(Bloomberg) -- “Oats know” is an old adage in Chicago grains markets, where moves in thinly traded oats can be a precursor for what may happen in the larger-volume corn and wheat contracts.
What oats may know this week is that bitter winter storms that slammed parts of southern Canada and the northern U.S. have threatened serious damage to grain still standing in the fields.
Oats for December delivery are poised to climb to a record close the contract that debuted about two years ago. Futures rose as much as 3%, the biggest intraday gain in two months.
“It’s mostly weather-related,” Dan Anderson, vice president of grain sales at brokerage ED&F Man Capital in Chicago, said by phone. “It’s tough getting the harvest in.”
Blizzard-like conditions last week along the U.S.-Canada border left snowcover of as much as 2 feet (0.6 meter) in parts of the area, with some crops likely being lost as a result. The oats harvest had been delayed in Canada, which was expected to reap about 18% of global production, according to U.S. Department of Agriculture data.

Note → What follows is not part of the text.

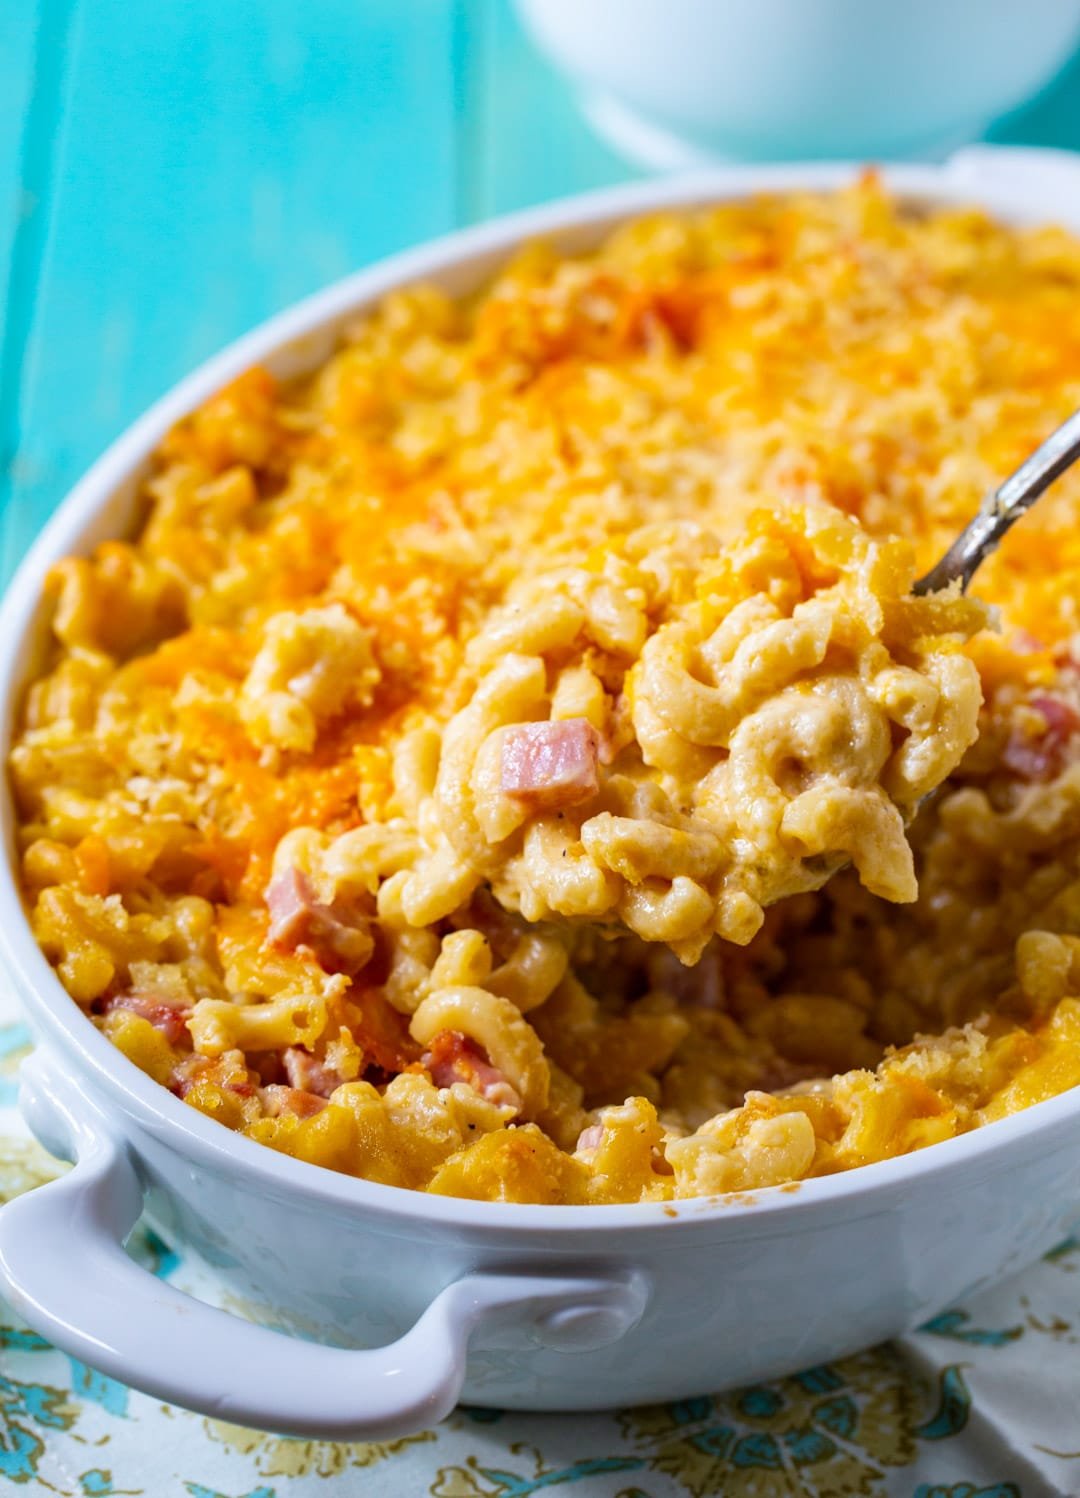 Spoon scooping up Mac and Cheese with Ham.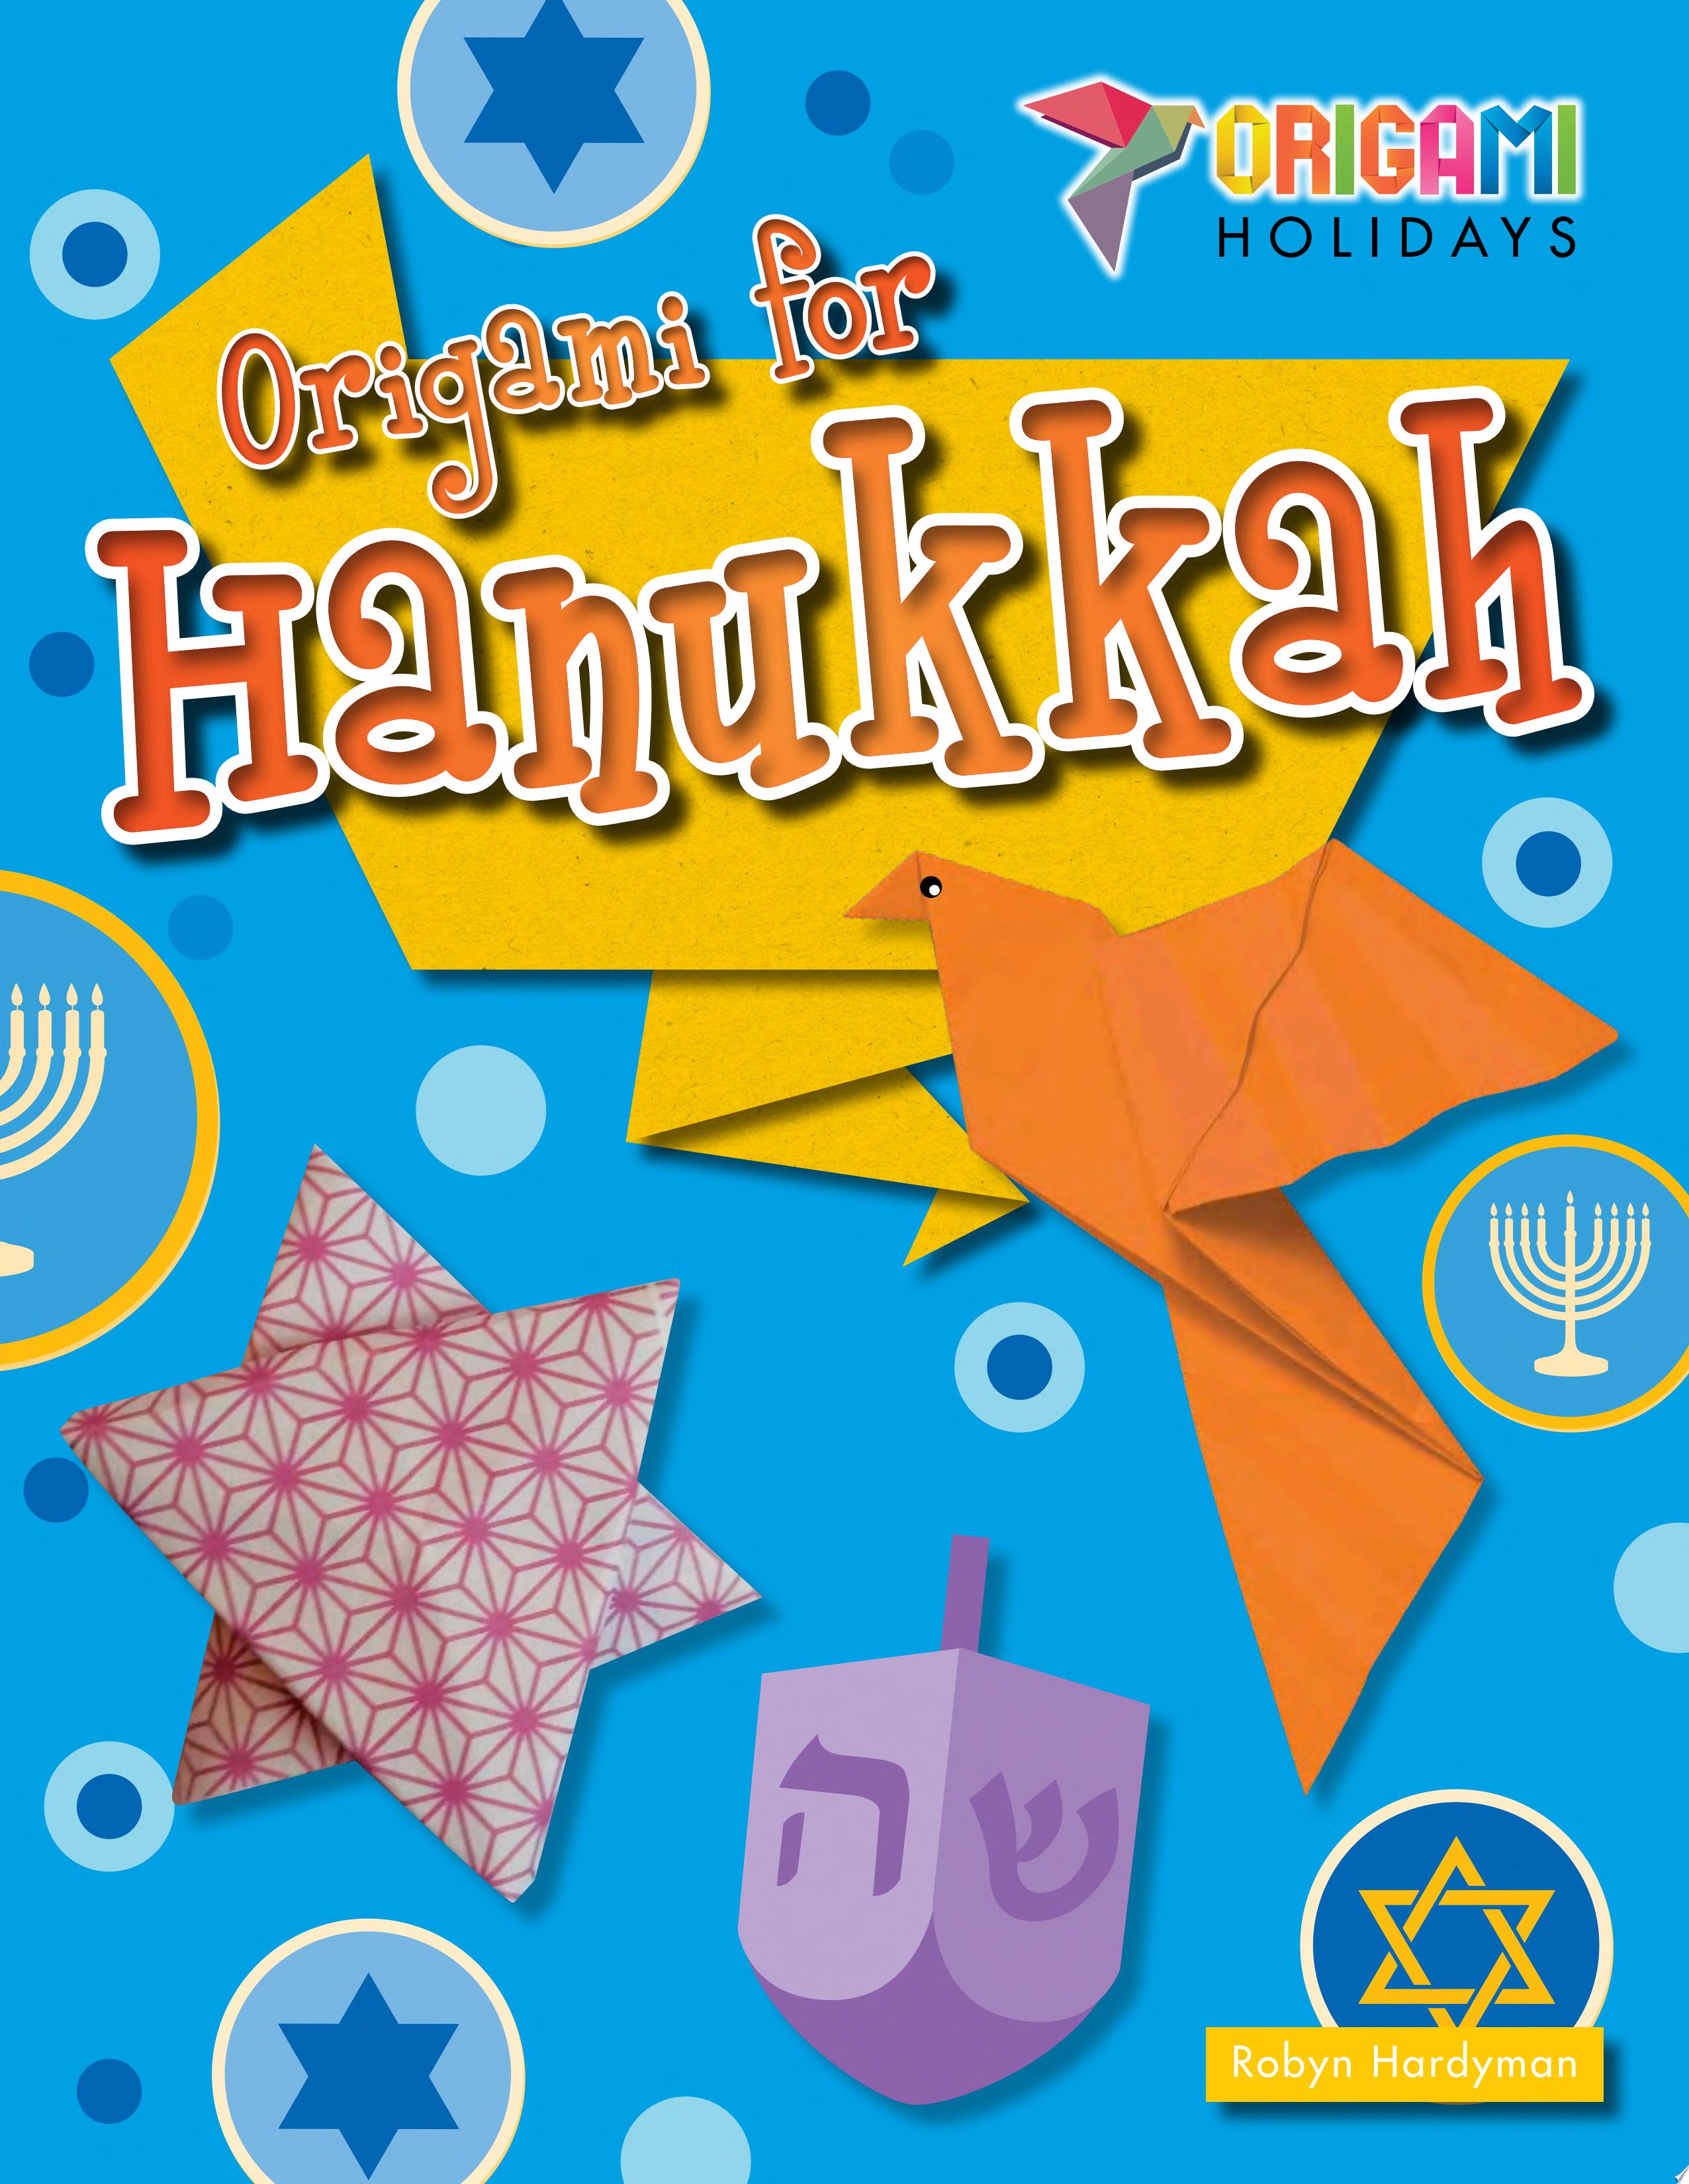 Image for "Origami for Hanukkah"

Still, with snow covering fields, it may take weeks before damage is known. That may be why corn and wheat have so far been slow to react -- both crops were little changed in Chicago on Monday.
“It’s going to be a week, if not two weeks, before we know what happened with this winter storm,” Karl Setzer, an analyst at AgriVisor LLC, said by phone. “There’s going to be some crop loss.”